WHAT THIS TASK INVOLVES -> In the copy, every line of the material that follows must appear exactly, and no pictures should.

GIVEN MATERIAL ->
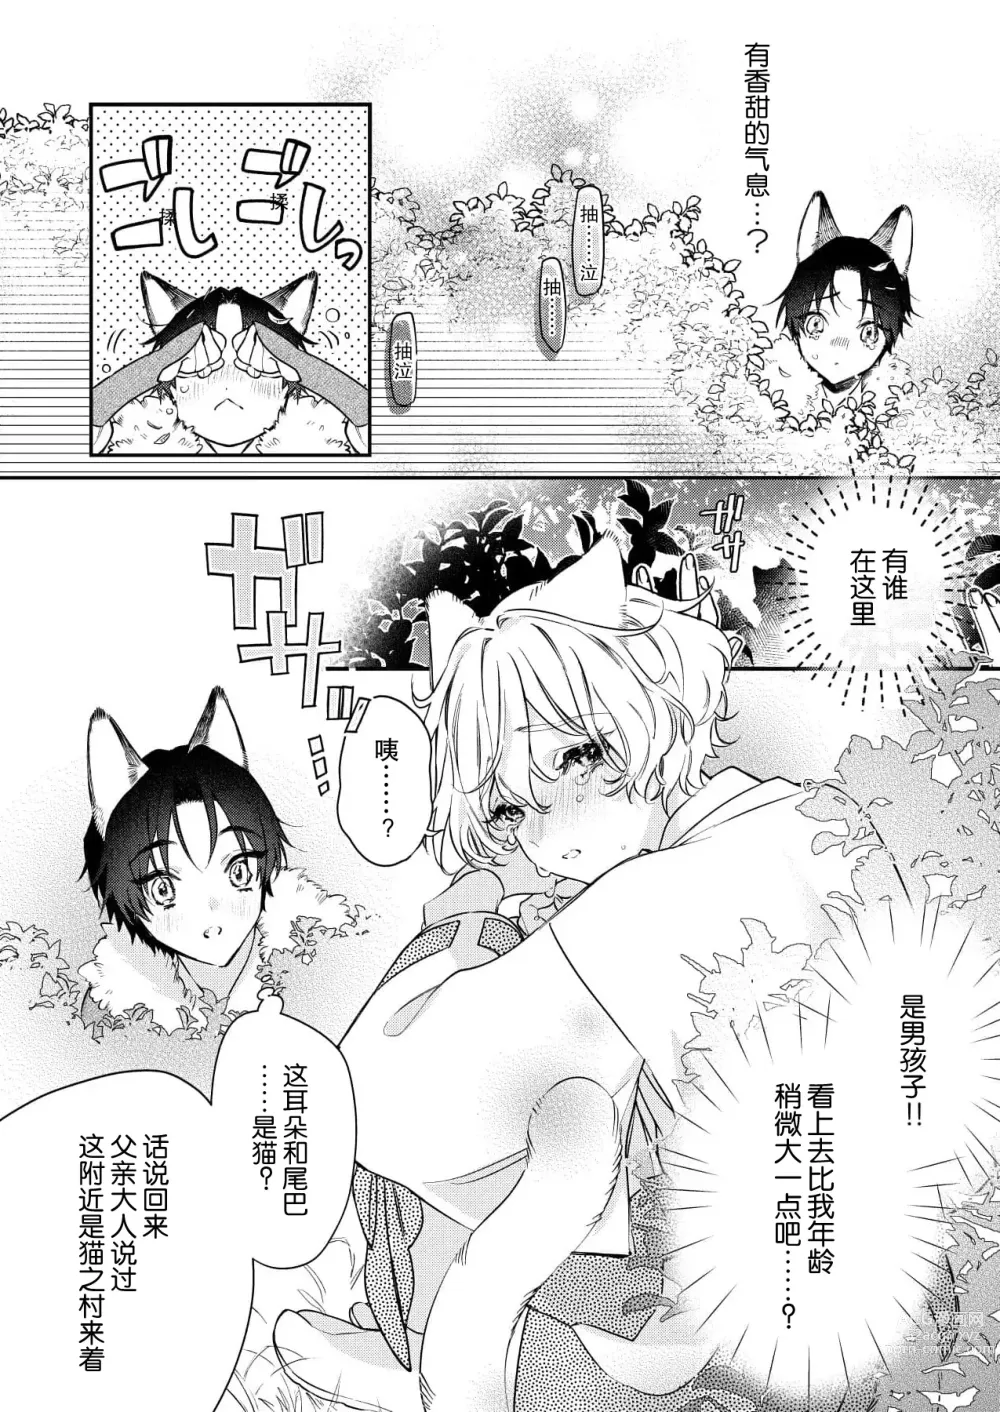 Page 3 of manga 无可奈何花落去 只叹道，命运使然 1-7 end
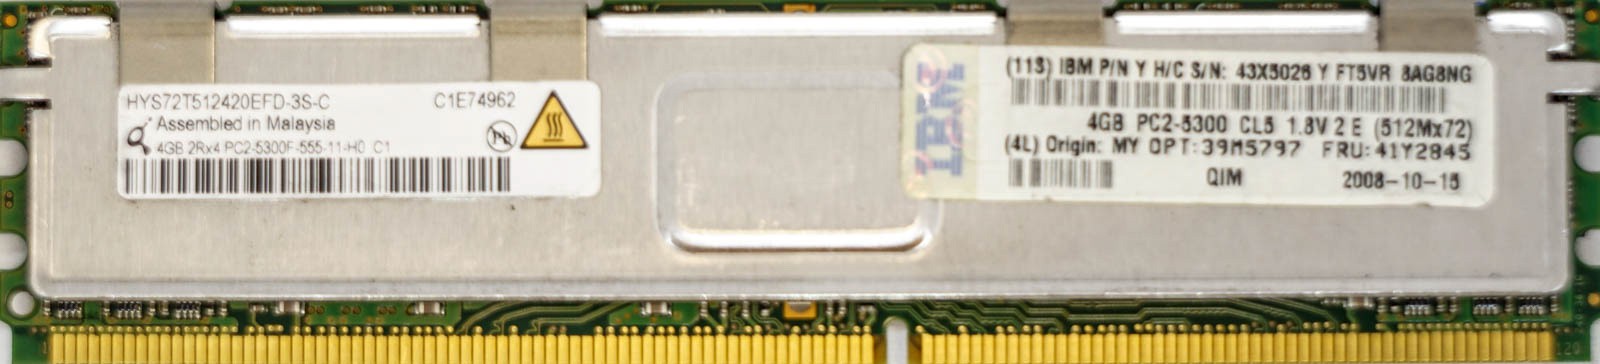 IBM (43X5026) - 4GB PC2-5300F (DDR2-667Mhz, 2RX4)
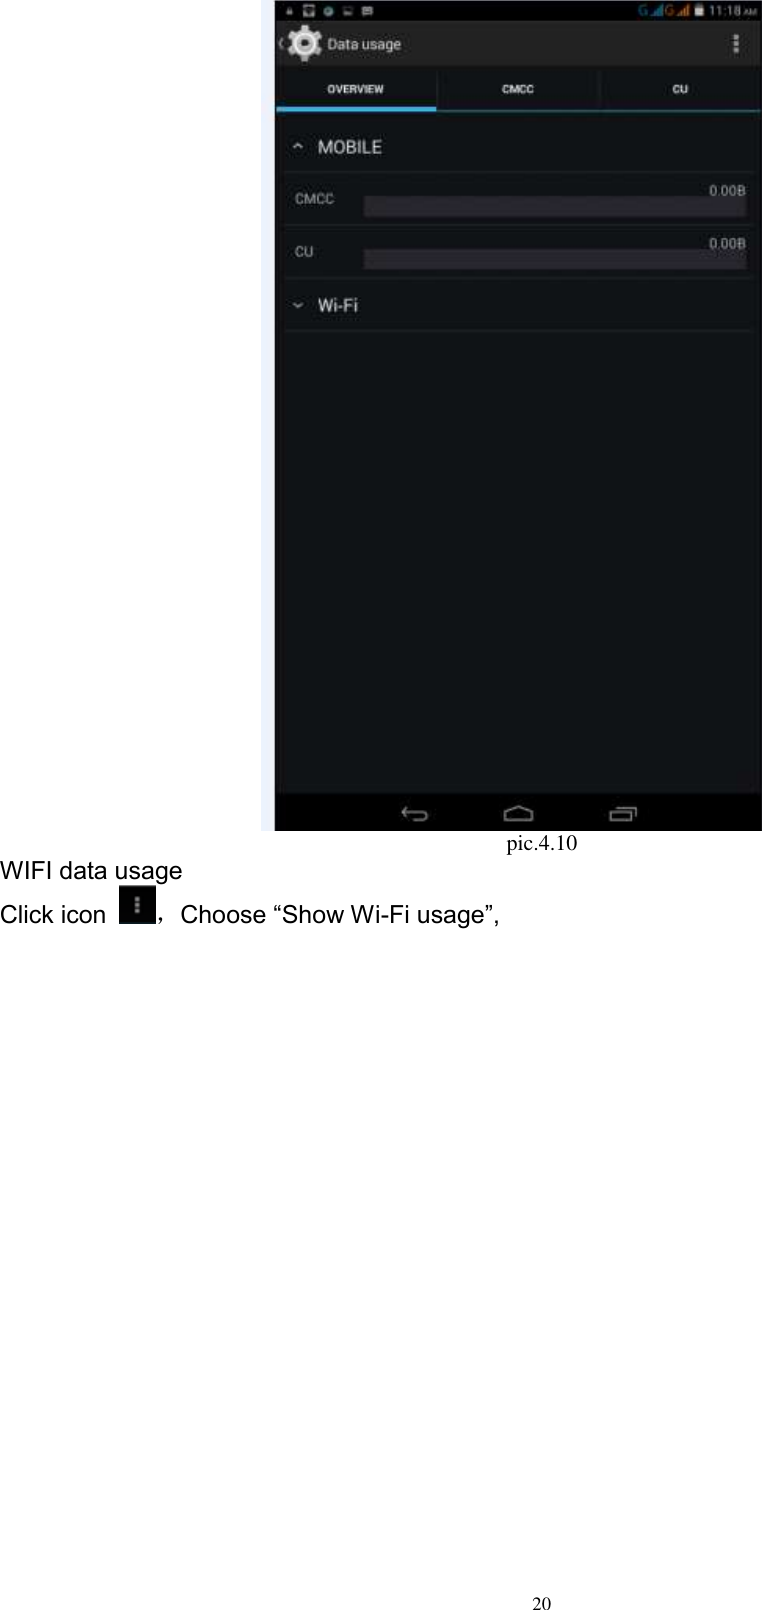      20  pic.4.10 WIFI data usage Click icon  ，Choose “Show Wi-Fi usage”, 
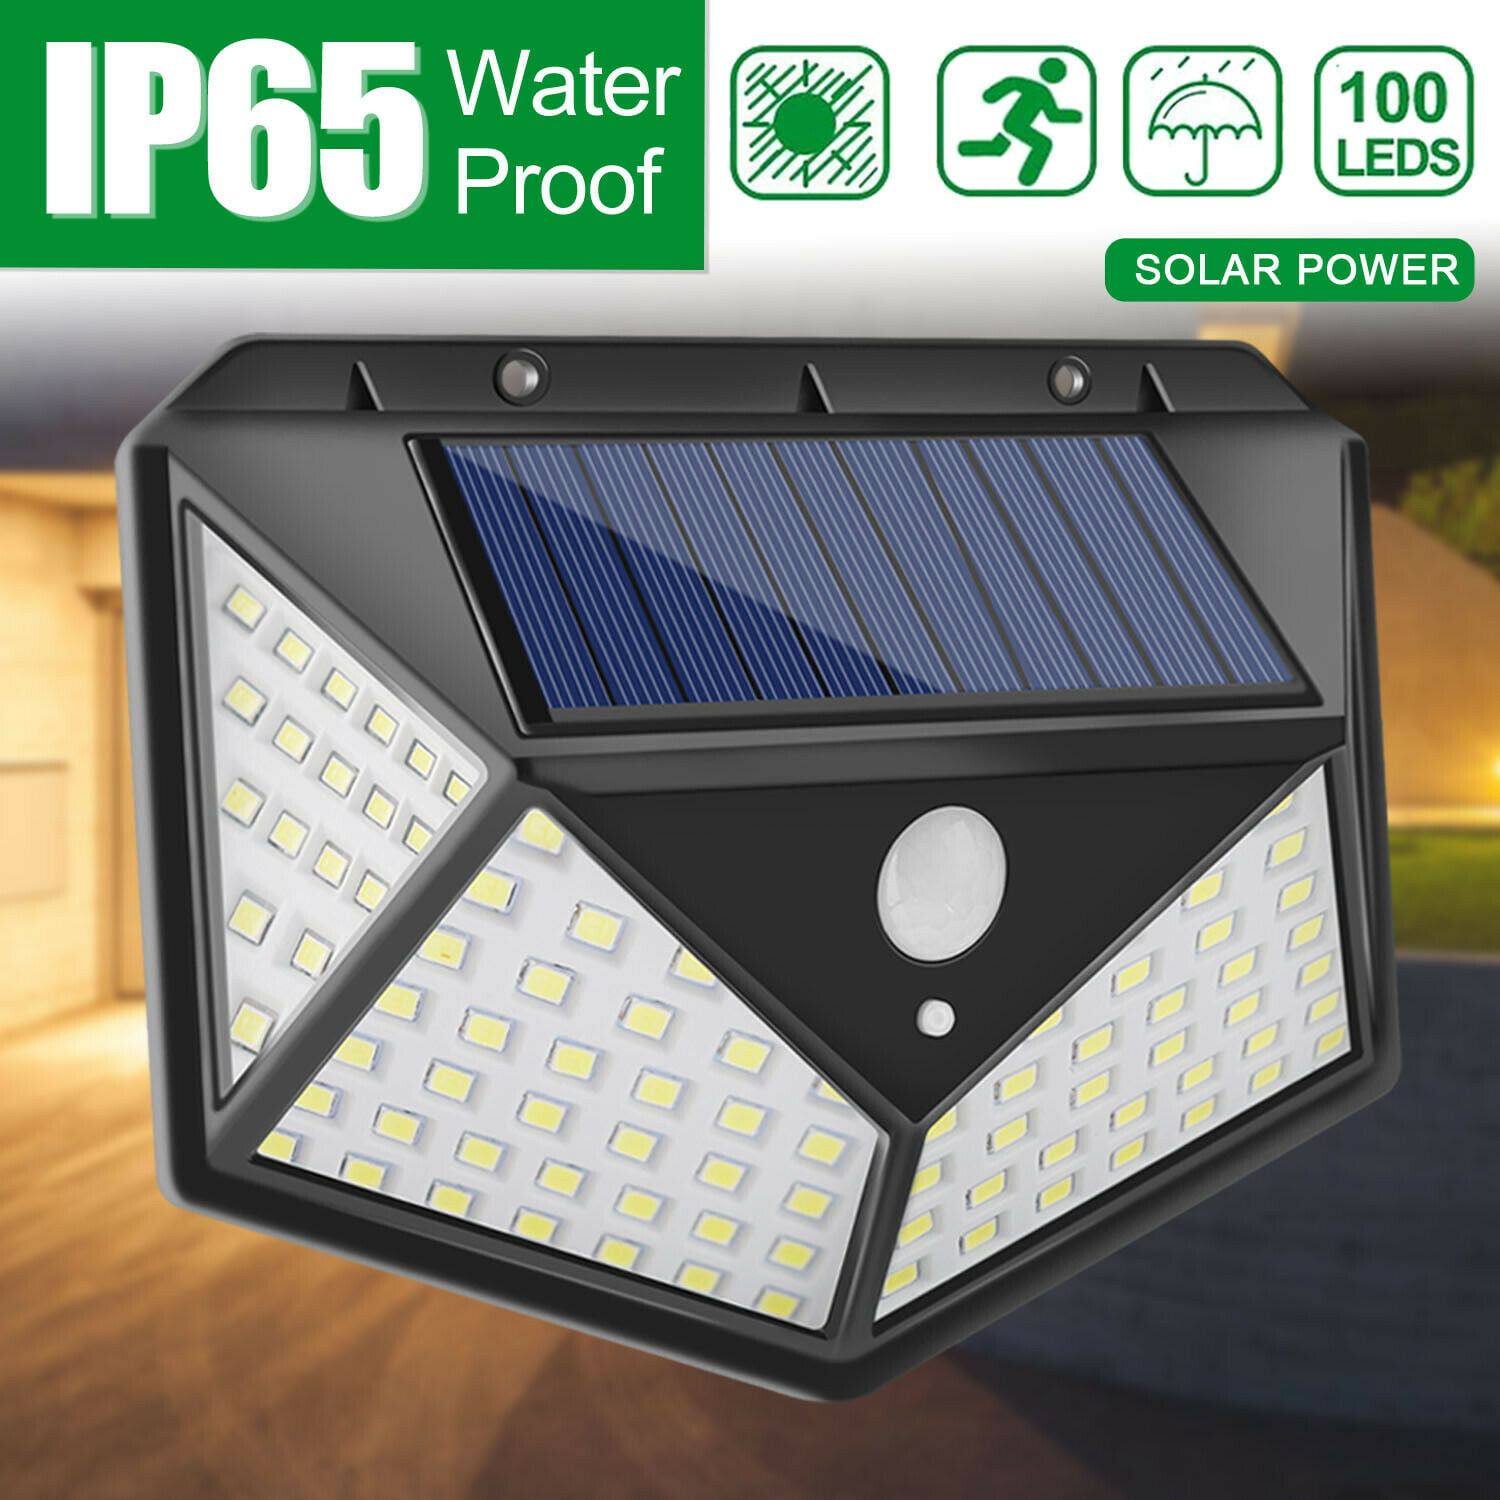 206 LED Solar Power Motion Sensor Wall Light Outdoor Garden Security Flood Lamp

TASK RESULT ->
 Page 3 of manga 无可奈何花落去 只叹道，命运使然 1-7 end
 IBM (43X5026) - 4GB PC2-5300F (DDR2-667Mhz, 2RX4)
      20  pic.4.10 WIFI data usage Click icon  ，Choose “Show Wi-Fi usage”, 
 206 LED Solar Power Motion Sensor Wall Light Outdoor Garden Security Flood Lamp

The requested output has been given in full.